At the same time, the quality of every one of the band’s projects didn’t falter since their debut. In the wake of the overnight success of the album Murmur, the band were working on finetuning their traditional college-rock sound on their following albums. Across records like Fables of the Reconstruction and Document, Stipe struck the perfect balance between the tunefulness of rock and roll’s past while keeping everything else reasonably uncommercial, down to his unintelligible lyrics.
When the band started work on albums like Green, their sound had been going towards pop music, with tracks like ‘Stand’ being one of the most glorious pieces of rock sunshine they had ever made up to that point. Once the group started to make Out of Time, though, every single song on the album came with its own creative risks.
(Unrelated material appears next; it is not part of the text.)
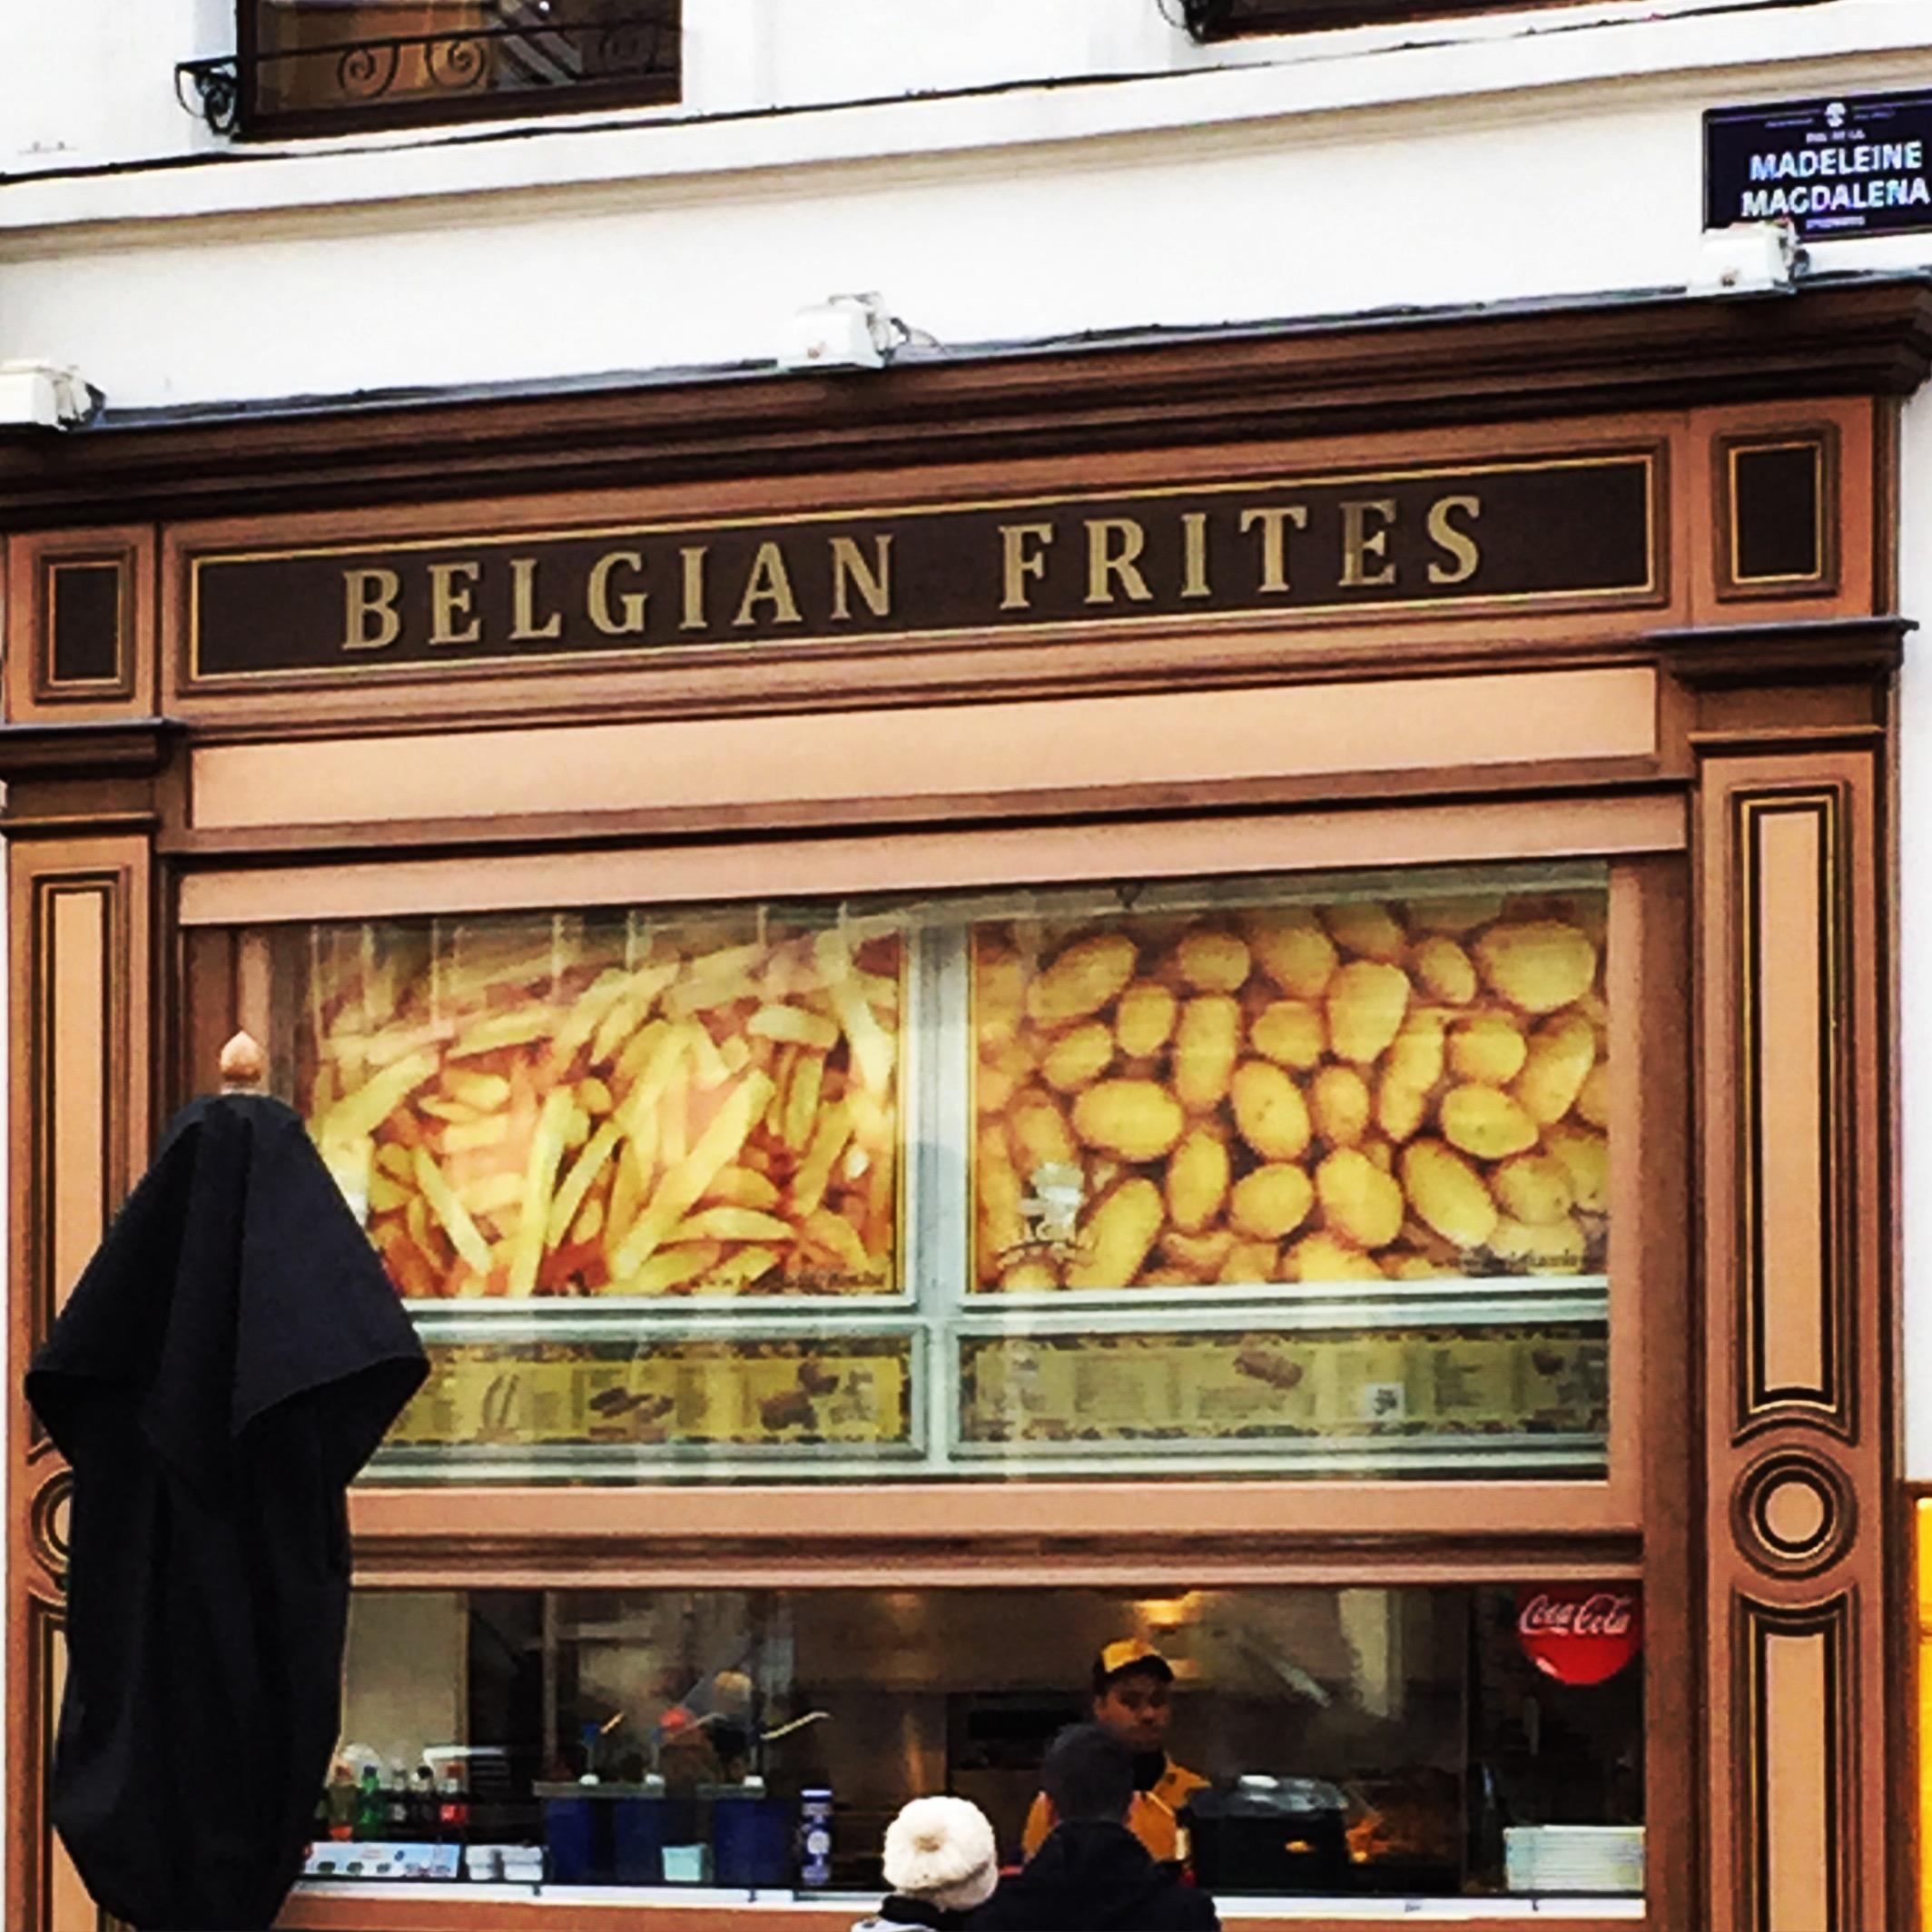 Belgium frites, let it show!
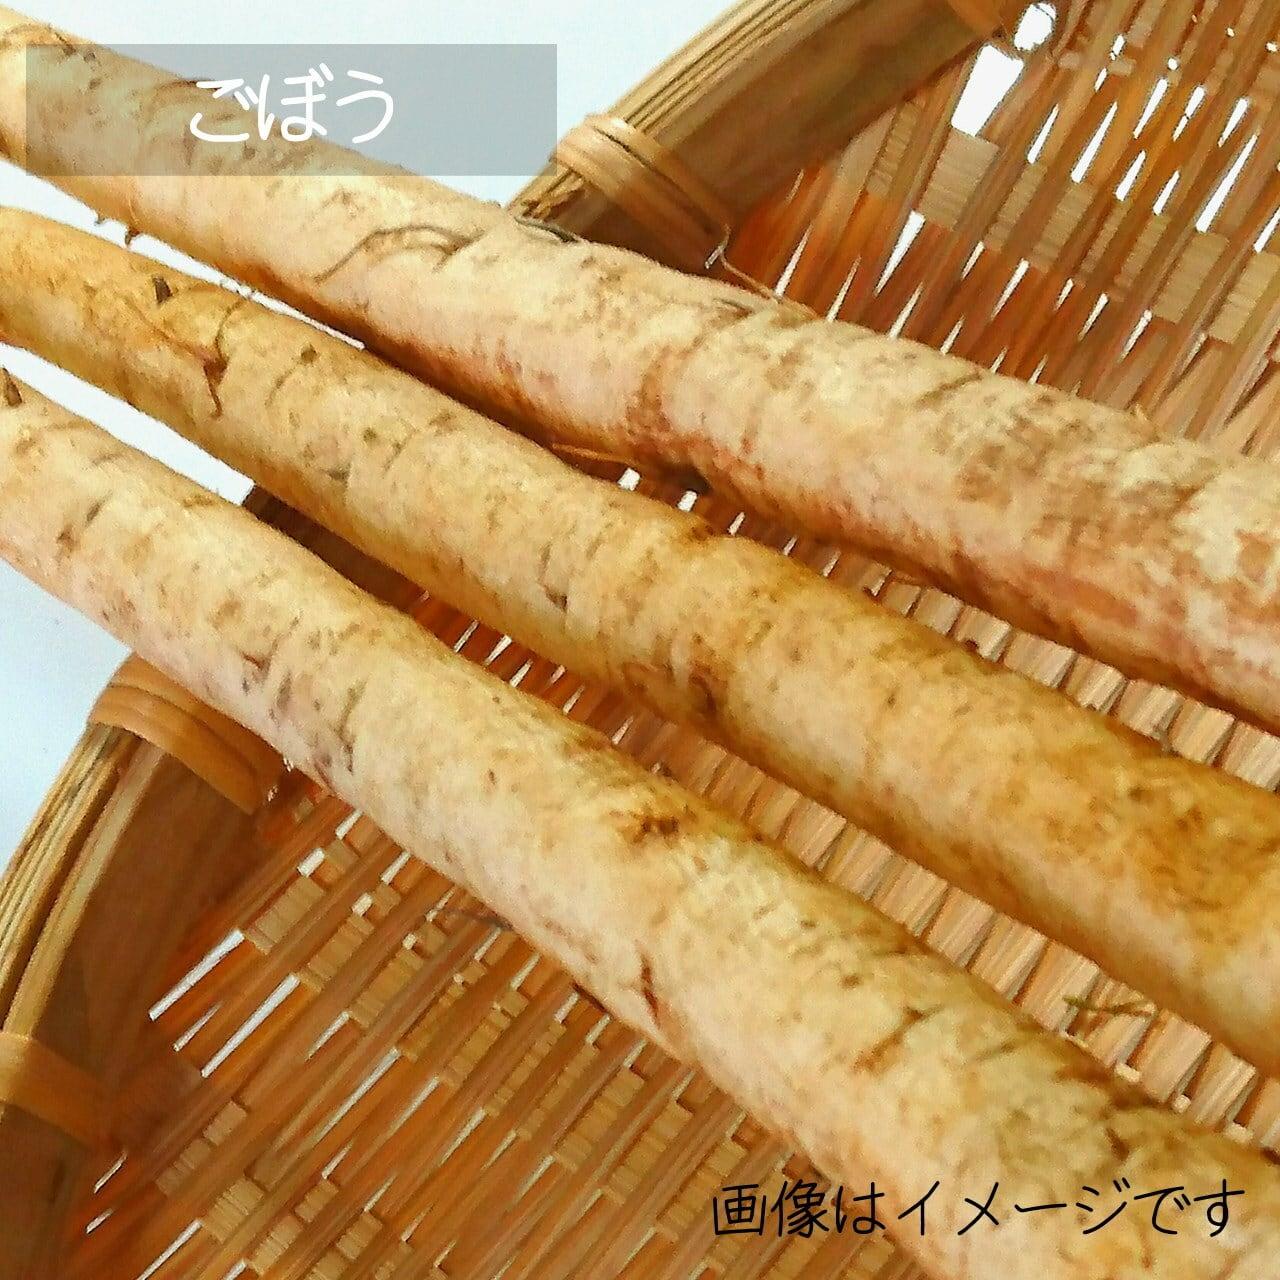 新鮮な秋野菜 : ゴボウ 1~3本 9月の朝採り直売野菜 9月12日発送予定

Featuring KRS-One on one of the first tracks, R.E.M wanted to prove that they were not satisfied resting on their laurels, creating tunes indebted to the sounds of pure rock and roll and musical sophistication. Although Stipe was also coming into his own as a lyricist, ‘Losing My Religion’ would stand out to him as one of the band’s finest moments.
This would become one of Stipe’s high points from a lyrical standpoint. Inspired by the creepy tone that The Police hit on when making the track ‘Every Breath You Take’, Stipe wrote an ode to unrequited love, taking the perspective of someone on the outside looking in and wondering if their muse even knows they exist.
When talking about the effect of the song, Stipe remembered that the lyrics were a watershed moment for him, saying, “The thing that for me is the most thrilling is that you don’t ever really know if the person that I’m reaching out for is aware of me. If they even know that I exist. So it’s this really tearful, heartfelt thing that made it’s way into one of the best pieces of music that the band has ever given me”.
Featuring a delicate lead mandolin, most of the song has a sense of refinement throughout its runtime, as if it’s being played in an abandoned synagogue. Although the title came from an American southern expression Stipe had heard growing up, it could easily apply literally, as if this unknown entity is making him lose faith in a life beyond his earthly existence.
While Stipe would take the song to new heights with his vocals, the real power of the song came with the video, showing him dancing in the most natural way he could. It may have seemed strange to those not aware of the band, but this was the first look at Stipe truly letting the music carry him to another place.